Ромуальд Северинович помотал головой.
— Они там в Варшаве решили наградить героев. Они победили красную конницу и теперь будут раздавать подарки. А поскольку Польша хоть и самостоятельная теперь... Богатство и свобода в разных карманах у Бога. Он выдает их по отдельности и по очереди.
— Значит, — пан Порхневич выпил сразу половину высокого винного фужера для вина, налитого самогоном, — будут раздавать земли?
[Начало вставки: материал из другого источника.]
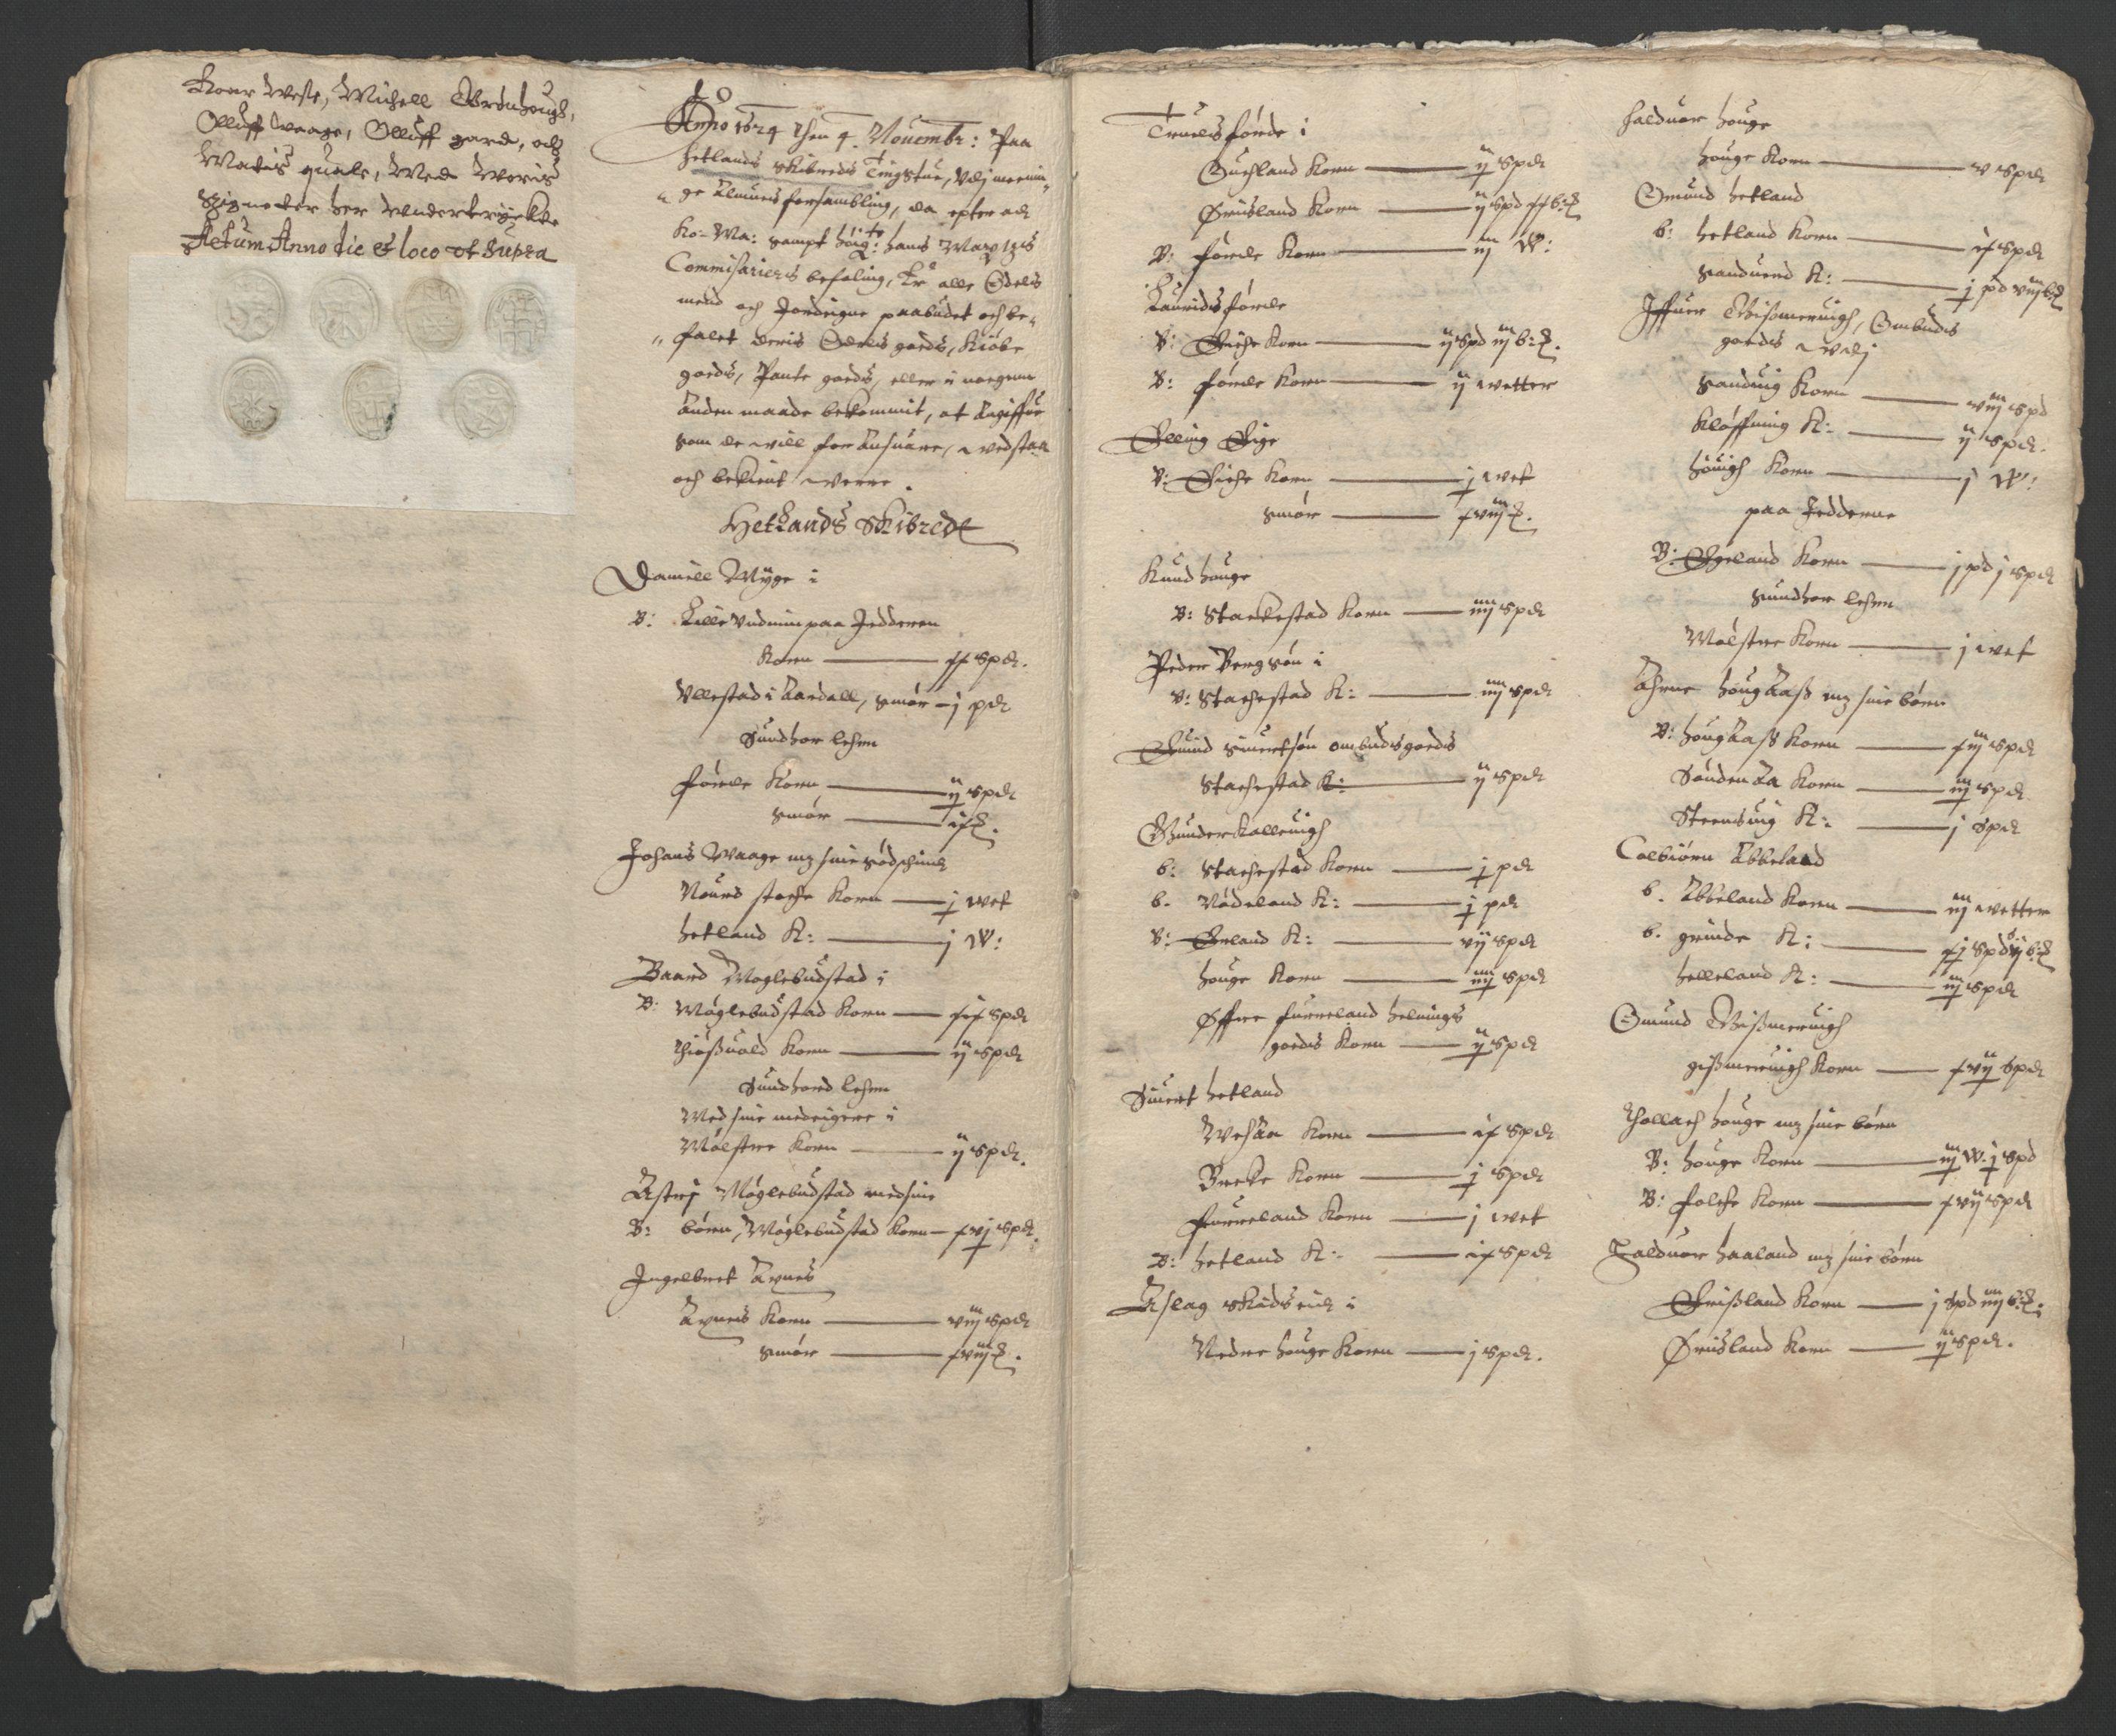 RA, Stattholderembetet 1572-1771, Ek/L0010: Jordebøker til utlikning av rosstjeneste 1624-1626:, 1624-1626, s. 11

Вайсфельд с неожиданной быстротой выхватил мундштук из губ и коротко ткнул им в сторону собеседника:
— Поняли, да-а. Тем более — где? Вы подумали? Считаю, вам надо подготовиться к худшему. — Он опять затянулся. — Я к вам хорошо отношусь, поэтому скажу всю правду. Дворец ведь до последнего восстания принадлежал какому-то пану, хоть и не вельможному.
Ромуальд Северинович сглотнул, удерживая сивушный, прущий наружу дух.
— Можно без гадалки сказать — какой-нибудь Суханек отличился под Варшавой и уже бегает с документами по коридорам министерства. Я не буду спрашивать, в каком состоянии ваши бумаги, но думаю, что новые бумаги перебьют старые.
Расстались дружелюбно, но Ромуальд Северинович не мог не отметить, что старый лорд поставил-таки его на место. После этого сообщения почти козырный для Порхневича расклад вокруг Дворца, что случился после пожара в имении, оборачивался набором самых ненадежных фосок, побиваемых чем угодно, лишь бы с польскими водяными знаками.